Your copy of the data should match it exactly, except that the pictures are gone.

| COLLECTED MATERIAL |
---*---

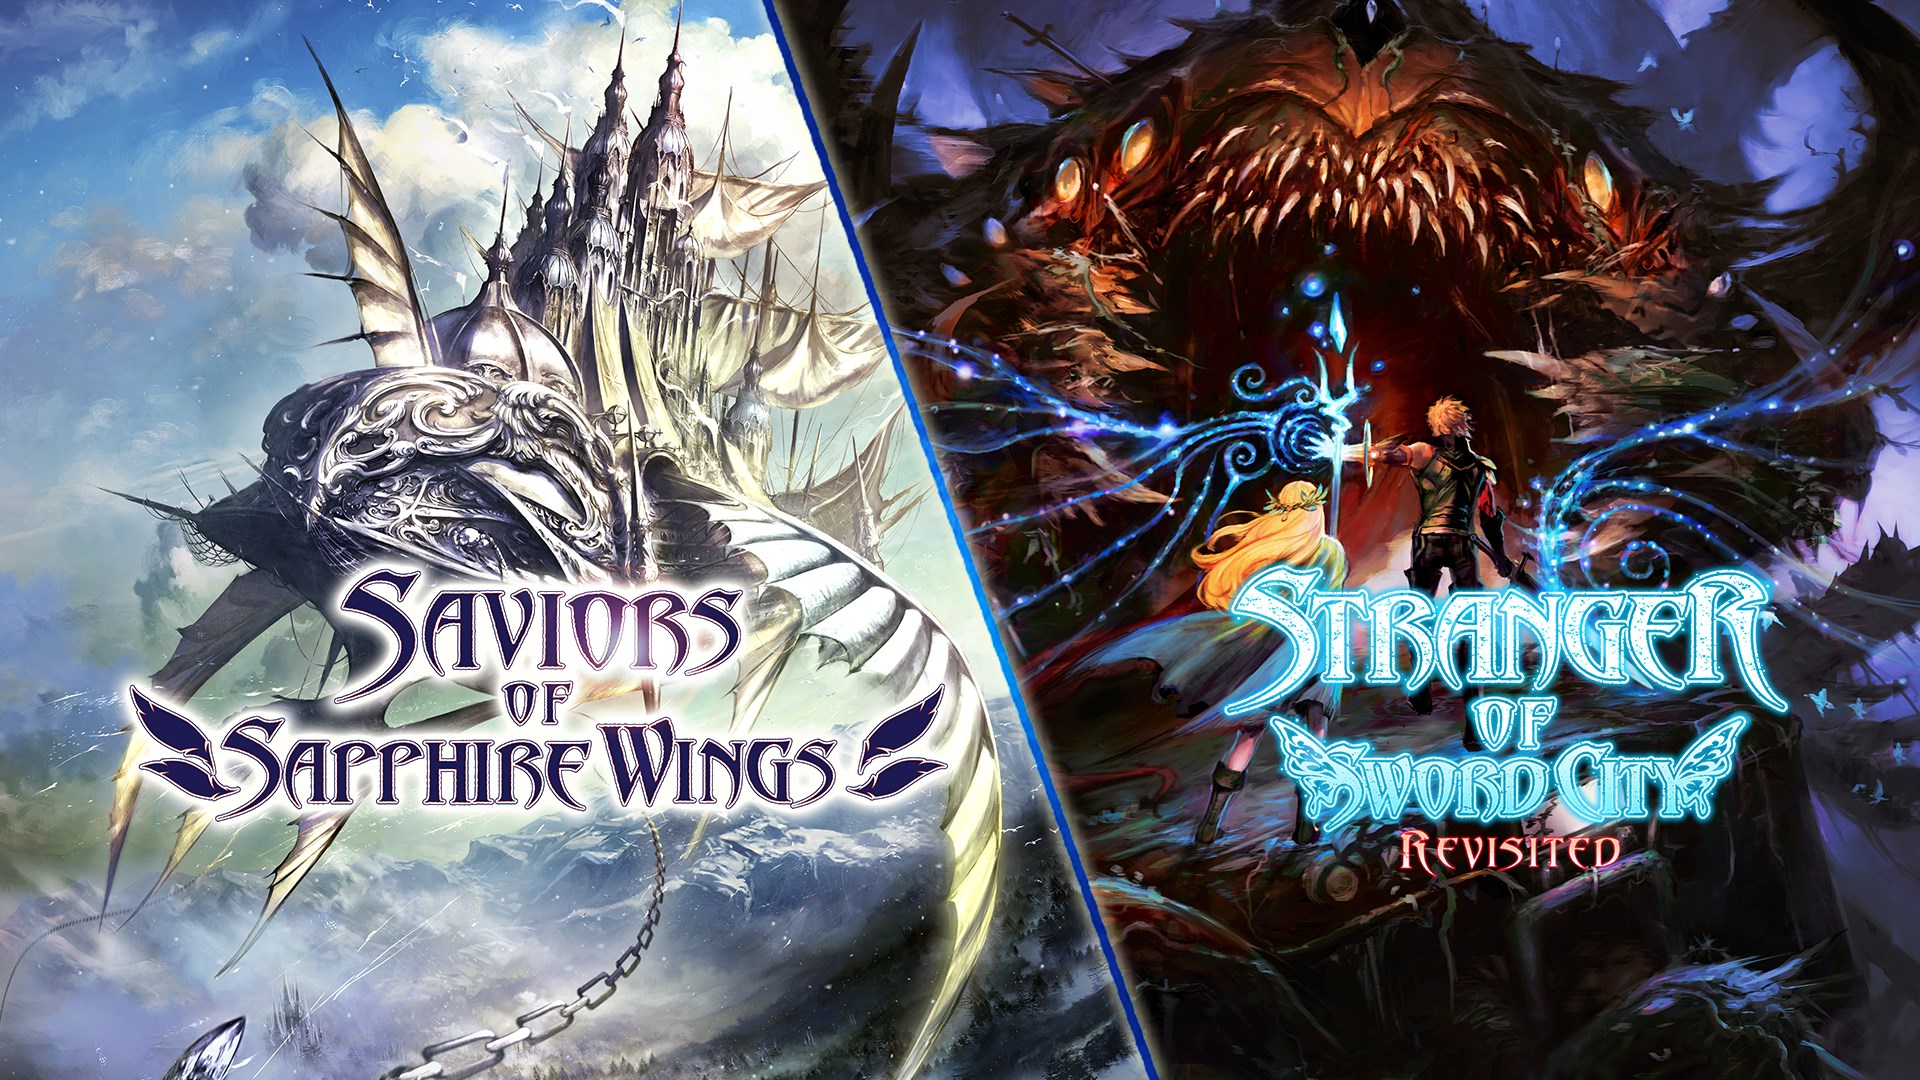 Buy Saviors Of Sapphire Wings Stranger Of Sword City Revisited Microsoft Store
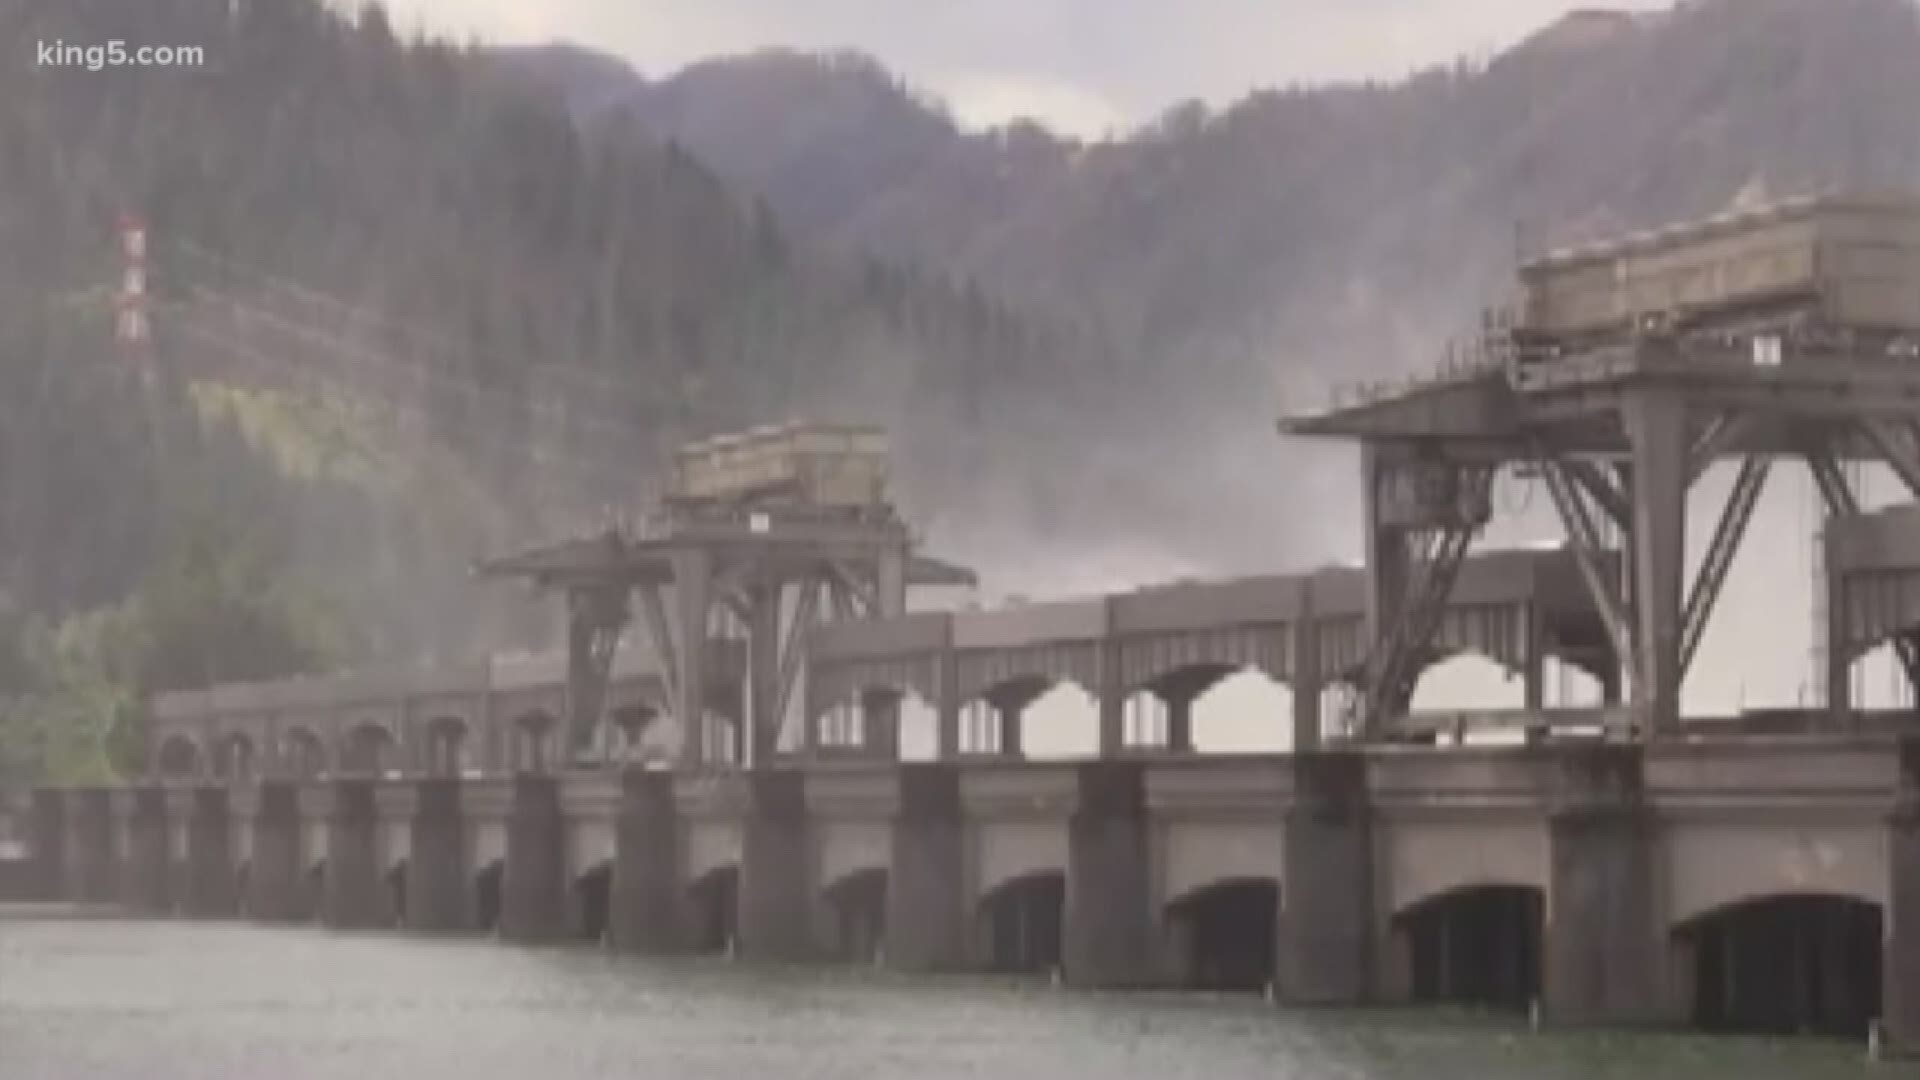 The Lummi Nation and the Yakama Nation are calling for the removal of three major hydroelectric dams on the Columbia River. KGW's Keely Chalmers reports.
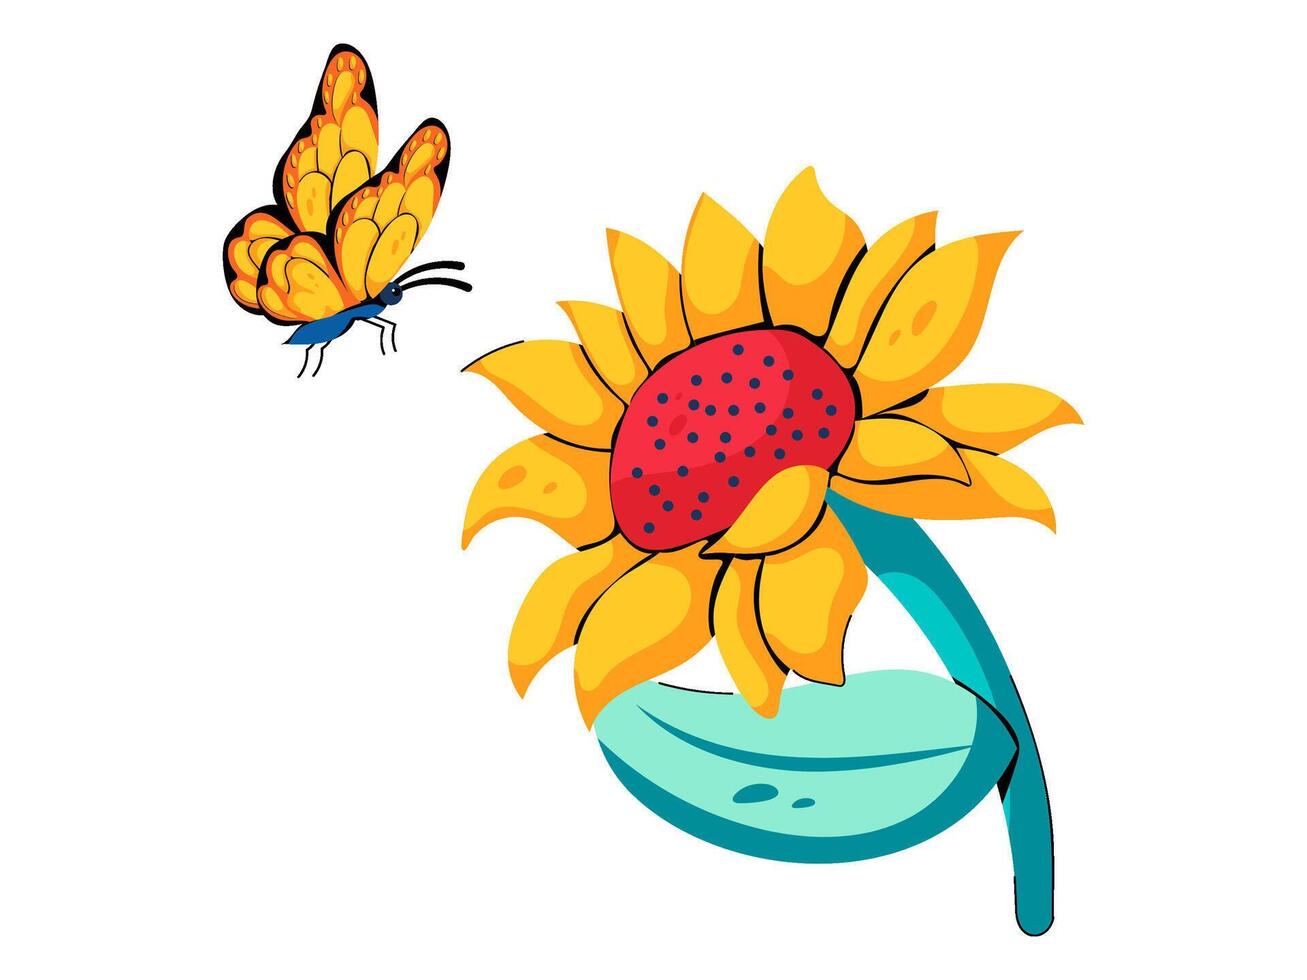 bee and the flower design with modern illustration concept style for badge farm agriculture sticker illustration vector
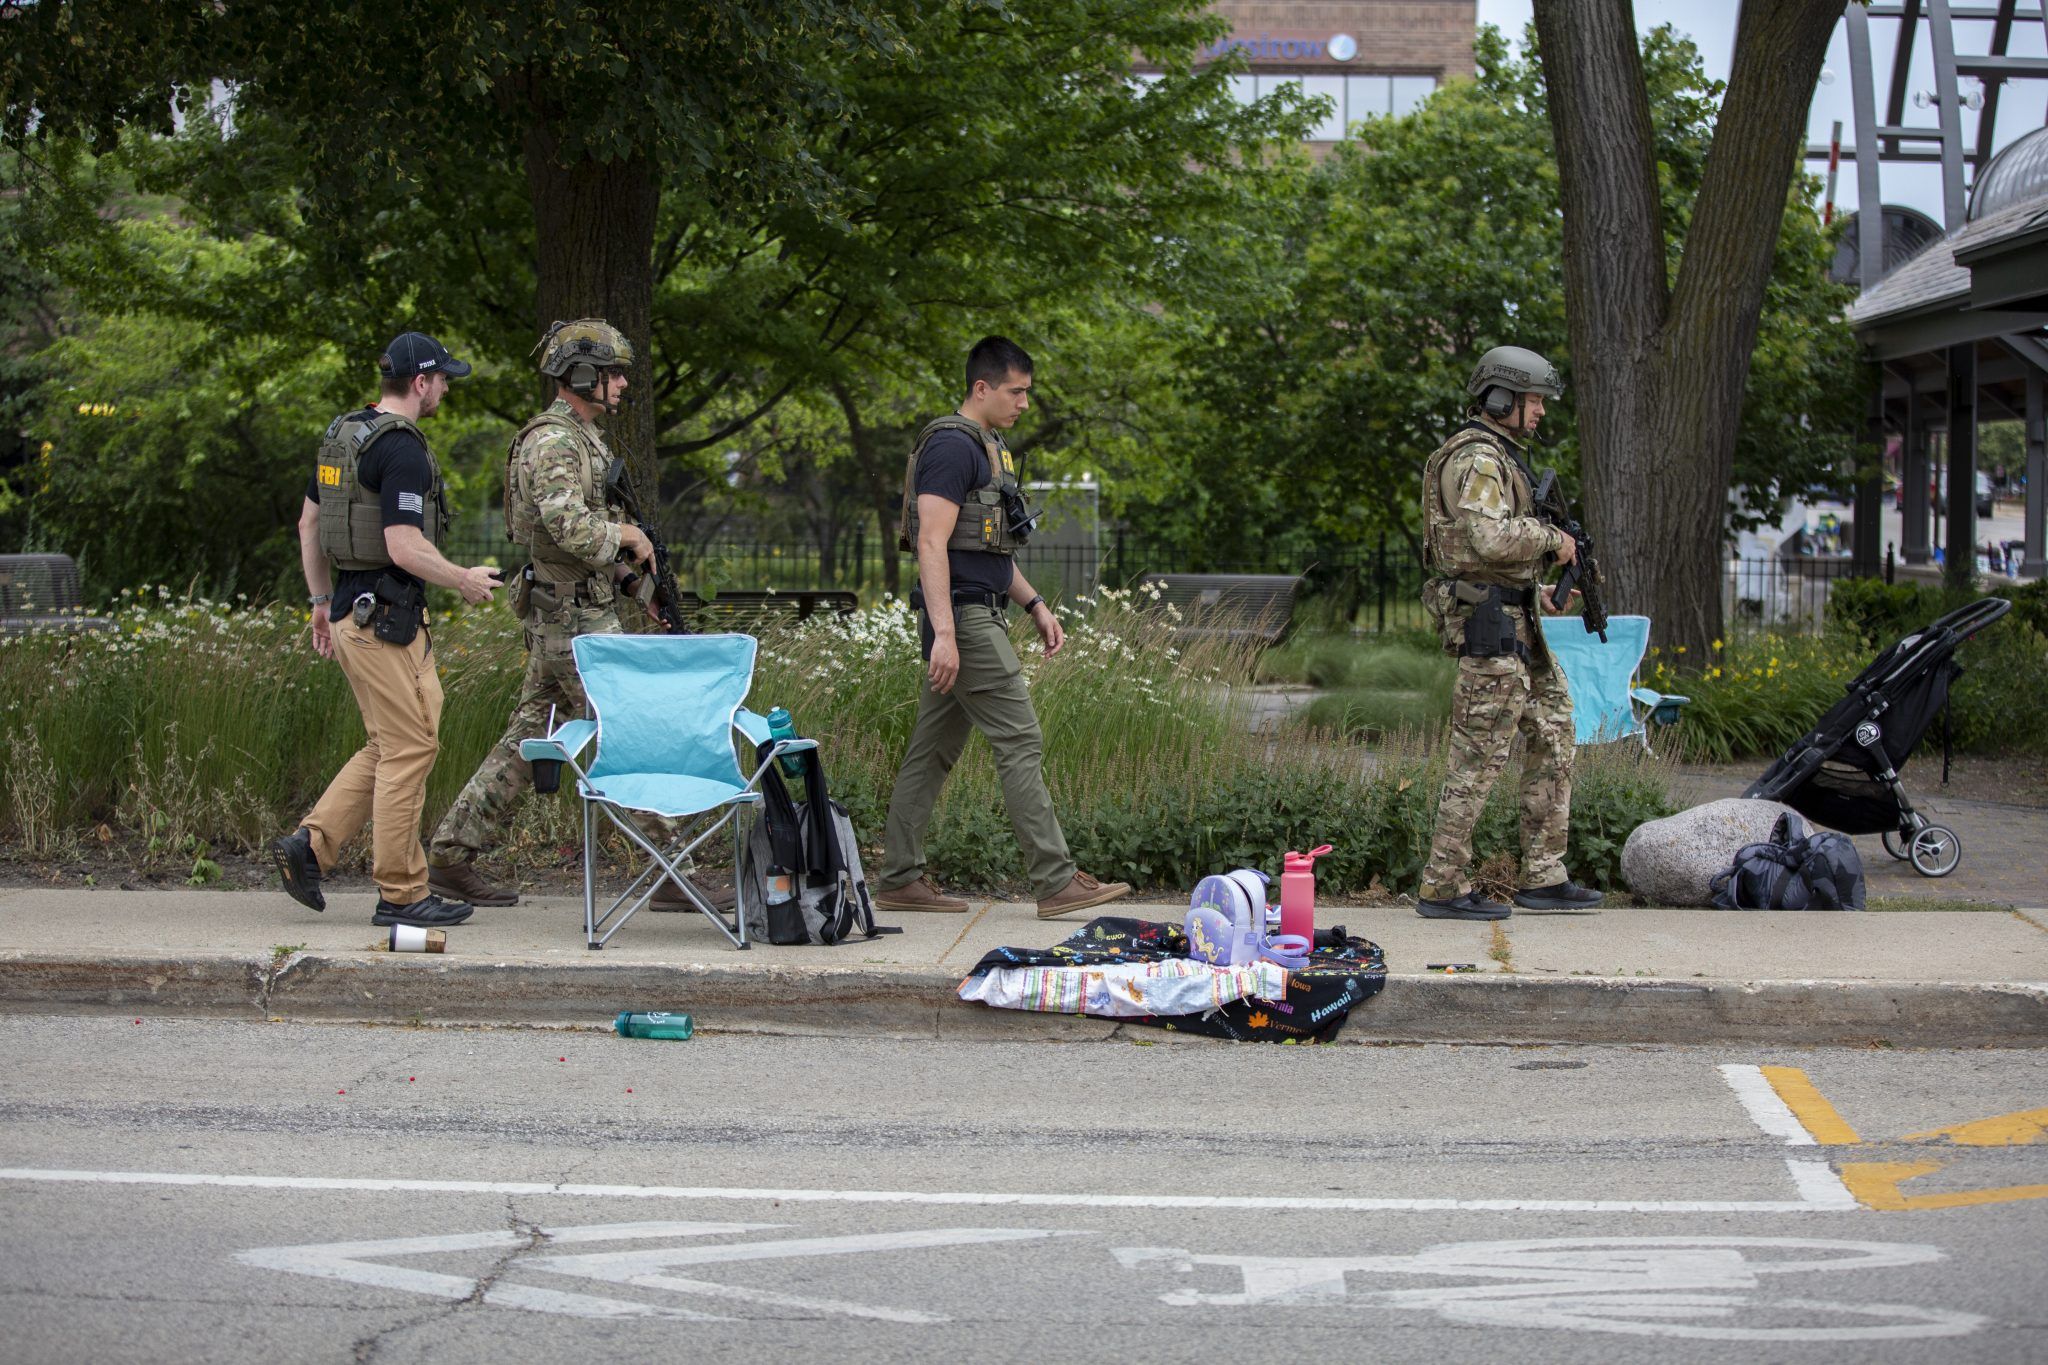 HIGHLAND PARK, IL - JULY 04: Law enforcement works the scene after a mass shooting at a Fourth of July parade on July 4, 2022 in Highland Park, Illinois. Reports indicate at least six people were killed and more than 20 injured in the shooting. (Photo by Jim Vondruska/Getty Images)

---*---

| EXERCISE ANSWER |
 Buy Saviors Of Sapphire Wings Stranger Of Sword City Revisited Microsoft Store
 The Lummi Nation and the Yakama Nation are calling for the removal of three major hydroelectric dams on the Columbia River. KGW's Keely Chalmers reports.
 bee and the flower design with modern illustration concept style for badge farm agriculture sticker illustration vector
 HIGHLAND PARK, IL - JULY 04: Law enforcement works the scene after a mass shooting at a Fourth of July parade on July 4, 2022 in Highland Park, Illinois. Reports indicate at least six people were killed and more than 20 injured in the shooting. (Photo by Jim Vondruska/Getty Images)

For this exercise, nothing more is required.